We are entering what is arguably the biggest drinking season of the year. Halloween parties, Thanksgiving Eve, Christmas, and New Years are upon us. I think we all know the “I’m sooooo wasted!” girl. She comes in two forms.
The first form of “I’m sooooo wasted!” girl is the girl who is actually completely blitzed. She is normally acting like a complete ass and embarrassing her friends, whom are all capable of holding their liquor, or one of a mess of drunk girls. She is loud and stumbling around in her stilettos, clothes falling off, and laughing like a hyena. When it’s the solo girl in your group who is consistently “sooooo wasted you guys!”, she starts to become a social liability, especially when you start approaching your 30s.
“I’m sooooo wasted” girl in her original form also likes to get drunk and cry over everything that has ever happened to her. Nine times out of ten, she is crying over an ex. Take her phone off of her unless you want to spend the whole night listening to her obsessively texting and calling this gentleman. In this scenario, she is also going to be prone to shamelessly throwing herself at the most disgusting guys on the food chain and tell them about said ex and about how hot she is and what a loser he is.

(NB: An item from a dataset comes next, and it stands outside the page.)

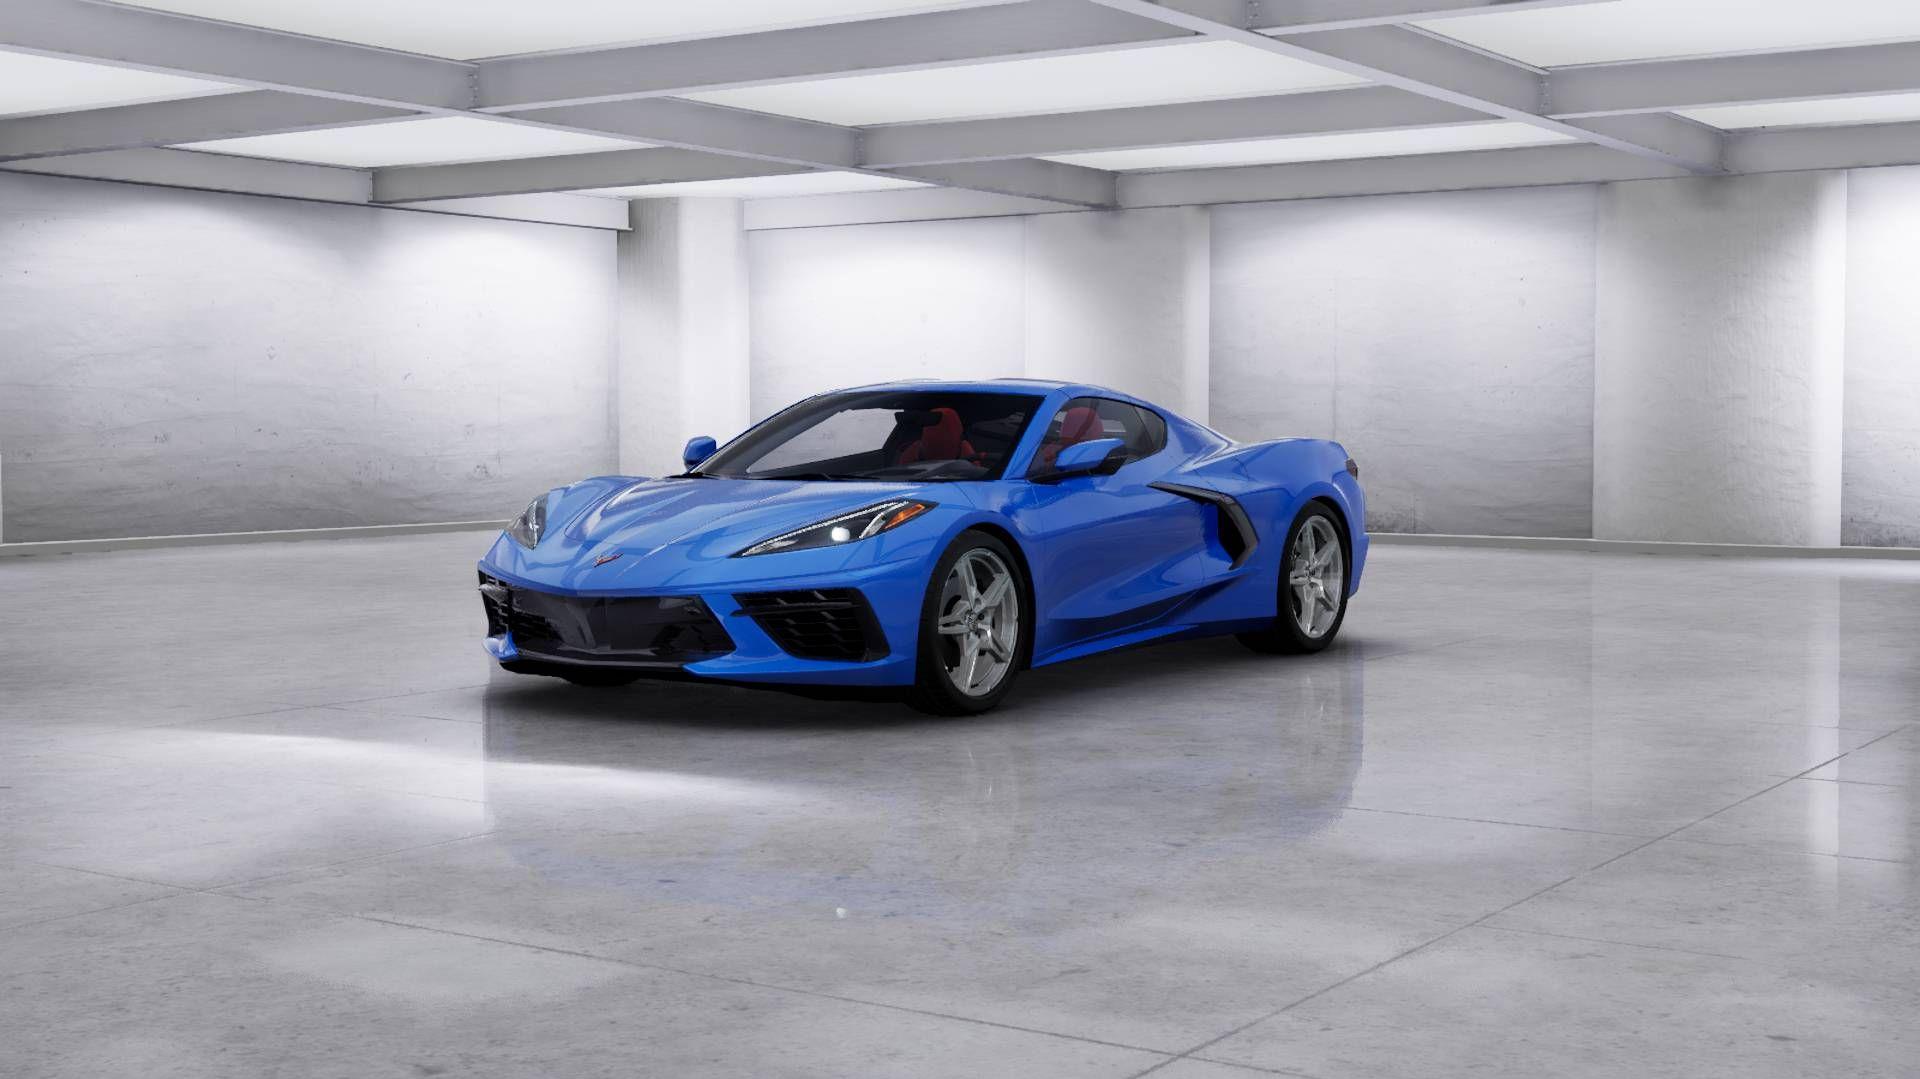 See the 2020 Chevy Corvette in Every Color Available

“I’m so hot! Look at me! Who wouldn’t want this! I gave him everything and did everything for him! I just want to be appreciated! You should be my boyfriend!” as she jams her tongue in his mouth.
Example in practice:
I was at my best friend’s wedding. I was in the wedding party. Another bridesmaid had just recently gone through a breakup with one of the most repulsive guys I’ve ever met. In fact, I am partially to blame for this train wreck (result of another night where she played the role of “I’m sooooo wasted!” girl). I kind of threw her at him to get him and her away from me. (snickering) The ironic part of that night was that my long term boyfriend and I had called it quits literally 15 minutes before I departed for the bar. I promised myself that I wasn’t going to act like that over him and that I was going to enjoy my night and cry over him later (which I did).
So a year and a half later, she and this dildo we met at the bar break-up. The bartender at the wedding was bald and missing teeth. She is trashed and pulling the move above (Who wouldn’t want me?!?!). *Face palm*
Being the nice person that I can be, I decide it’s my responsibility to make sure she doesn’t go home with this dude and talk to my date and tell him we have to get her home safely. She goes to the bar with us after and instead of spending my night trying to seal it with my date, I’m chasing her around the bar because she is throwing herself at guys who are their with their girlfriends. Thanks, bitch. I haven’t been out with that guy since.
The second form of “I’m sooooo wasted” girl is the girl who actually isn’t drunk, but is pretending to be drunk so that she can excuse her actions. This girl has one beer and a kamikazee and starts stumbling and slurring her speech and telling everyone about her drunk she is. She really needs to drive it home that she is drunk because if not, her actions are no longer excusable. She also is going to hang all over guys, be loud and obnoxious, and say inappropriate things to everyone. She is probably even more embarrassing than the real drunk girl because it is hard to stay in character all night. This bitch is going to deliberately hang all over the guy you’re into (or dating) in an effort to up her confidence.
The fake wasted girl is normally either extremely socially awkward or just a pretty girl with some serious self-esteem issues. The illusion of being drunk helps them act in a way that they believe guys like, when really they aren’t doing themselves any favors, while simultaneously embarrassing you horribly.
My favorite way of putting an end to this bullshit is to either abandon them or call them out in such a way that is going to piss them off. For example, fake wasted girl is hanging all over your man? No problem. Just ask her why she doesn’t just hop on his dick right there. She will pretend to be appalled, but she knows full well what game she is playing and she knows that she is caught.
Look ladies, being plastered from time to time is perfectly okay. It happens. Sometimes you just kinda lose track. But being a persistent little train wreck that causes your friends nothing but misery because you are acting like a complete twat or being the girl that everyone is laughing AT and not WITH, is unacceptable and it doesn’t make you more desirable. It makes you a target.
This is all on top of the fact of why are you getting drunk as an excuse to do depraved things and say things that make you look like a bitch? If that’s how you want to be, then just be that person all of the time and wear it proud. I’d at least respect you if I knew you were just a bitch. Hell, I might even like you for it!
Pretending to be drunk to get attention is just flat out pathetic. Like I said, if you want to do shitty things to your friends or do things you “normally wouldn’t do”, just own it and live it. Don’t pretend that you’re under the influence because you actually do want to go home with the toothless guy.